(on va dire que c dit français parce que c'est aussi un peu de la littérature mais bon c'est pas grave au sinon )
En faite la c'est une des lettre de madame de Sévigné:

« Il faut que je vous conte une petite historiette, qui est très vraie et qui vous divertira. Le Roi se mêle depuis peu de faire des vers ; Mr De Saint-Aignan et Dangeau lui apprennent comme il s'y faut prendre. Il fit l'autre jour un petit madrigal, que lui-même ne trouva pas trop joli. Un matin, il dit au maréchal de Gramont : Monsieur le maréchal, je vous prie, lisez ce petit madrigal, et voyez si vous en avez jamais vu un si impertinent. Parce qu'on sait que depuis peu j'aime les vers, on m'en apporte de toutes les façons. » Le maréchal, après avoir lu, dit au Roi : « Sire, Votre Majesté juge divinement bien de toutes choses ; il est vrai que voilà le plus sot et le plus ridicule madrigal que j'aie jamais lu. » Le Roi se mit à rire, et lui dit : « N'est-il pas vrai que celui qui l'a fait est bien fat ? – Sire, il n'y a pas moyen de lui donner un autre nom. – Oh bien ! dit le Roi, je suis ravi que vous m'en ayez parlé si bonnement ; c'est moi qui l'ai fait. – Ah ! Sire, quelle trahison ! Que votre majesté me le rende ; je l'ai lu brusquement. – Non, Monsieur le maréchal ; les premiers sentiments sont toujours les plus naturels. » Le Roi a fort ri de cette folie, et tout le monde trouve que voilà la plus cruelle petite chose que l'on puisse faire à un vieux courtisan. Pour moi, qui aime toujours à faire des réflexions, je voudrais que le Roi en fît là-dessus, et qu'il jugeât par là combien il est loin de connaître jamais la vérité.

Voila et y a des questions aussi c'est :
1) Le roi se comporte-t-il comme s'y on s'attend,dans cet épisode ? Pourquoi?
3) Pourquoi la situation est-elle ''cruelle'' ?
4) ''Moi qui aime à faire des réflexions"...Quelle est la morale de cette histoire,selon Madame de Sévigné?

1

Réponses

2014-02-25T22:42:05+01:00

1) Le Roi aurait à priori été tenté d'avoir un avis sur son œuvre : ici, non  seulement, il en dissimule l'origine mais la dénigre lui-même, ce qui n'est pas dans ses habitudes...
3) Le Roi, mécontent de son travail, dénigre son œuvre auprès d'un courtisan sans lui dire qu'il en est l'auteur : le courtisan, dans l'espoir de complaire au Roi, abonde dans son sens sans se douter de l'origine des vers. Ce n'est que dans un second temps que le Roi révèle qu'il en est l'auteur et l'autre tente tant bien que mal de se rattraper . Mais le Roi ne lui en laisse pas l'occasion, le laissant s'empêtrer dans son délit de flagornerie.

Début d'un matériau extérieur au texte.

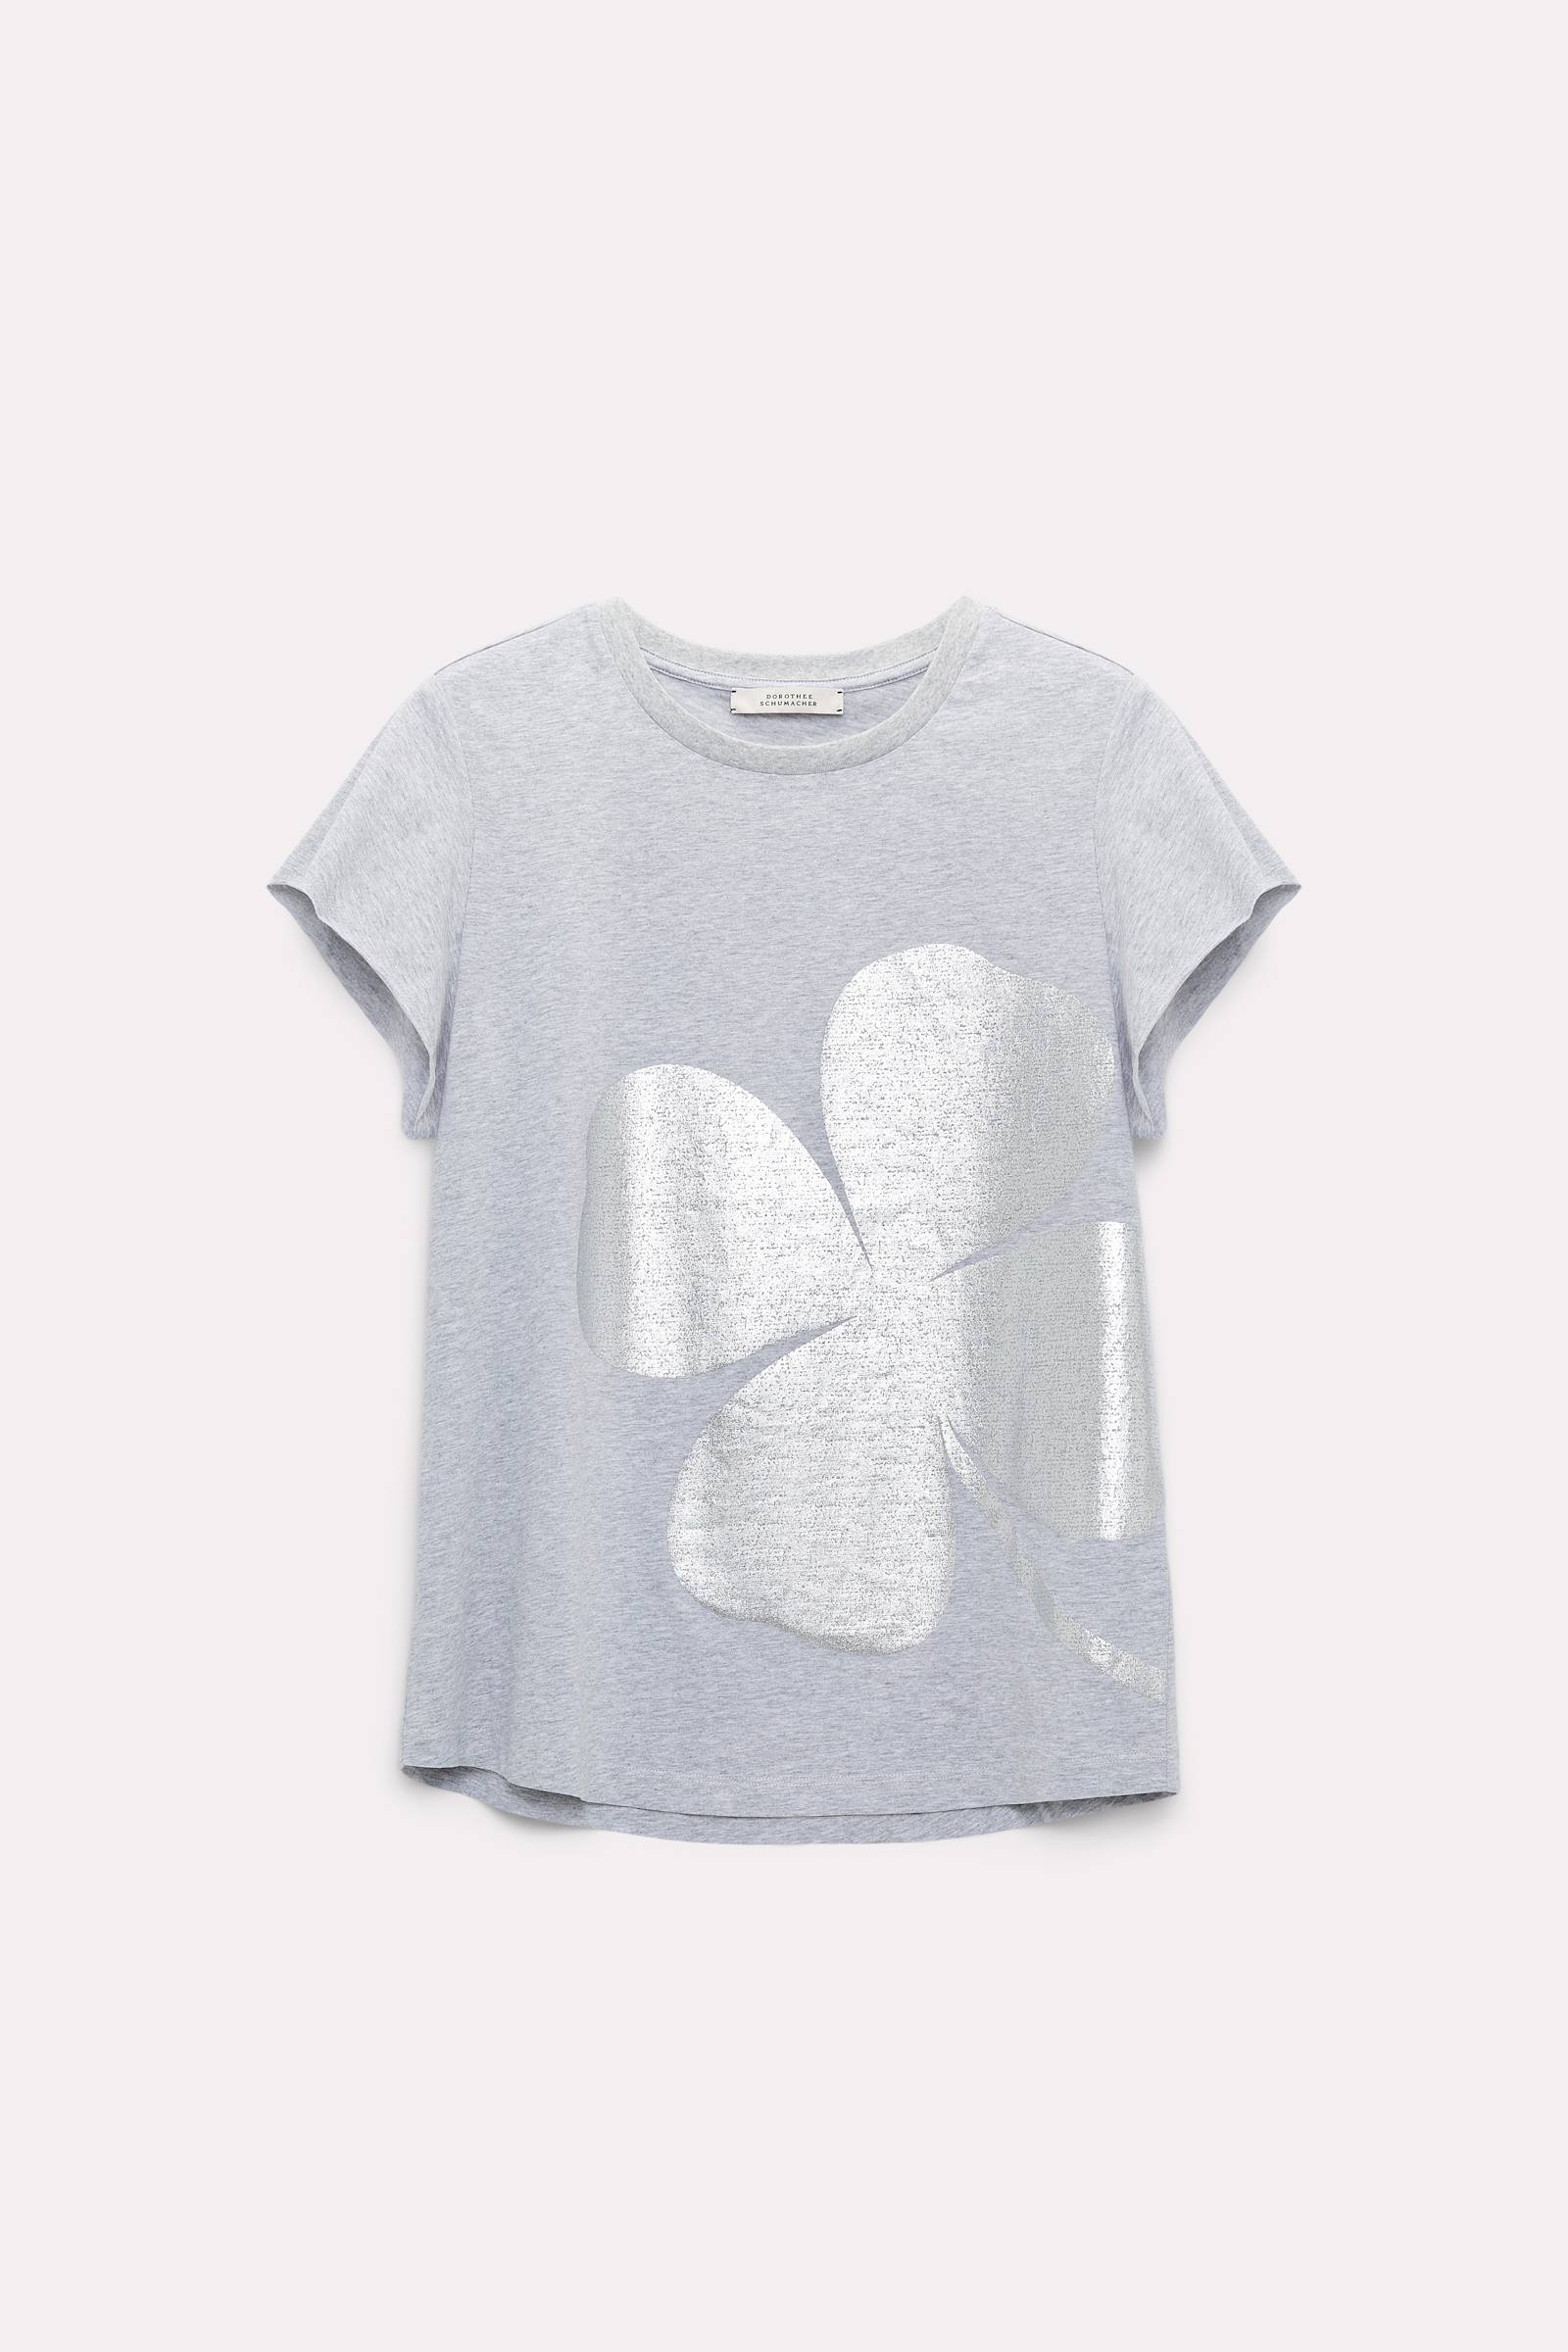 Dorothee Schumacher T-Shirt mit metallischem Print grey melange with silver print

4) si Madame de Sévigné avait été mise à contribution, elle ne serait pas arrêtée à l'analyse lapidaire du Maréchal : elle aurait émis une analyse critique complète des vers telle que le Roi aurait compris à quel point il était loin de posséder une étincelle de talent. Mais elle ne se serait pas limitée à ce point précis; elle en aurait profité pour livrer au Roi une vision peu plaisante de la Cour surtout préoccupée à conserver les privilèges que le Roi lui accordait et ceci, au prix de toutes les compromissions imaginables.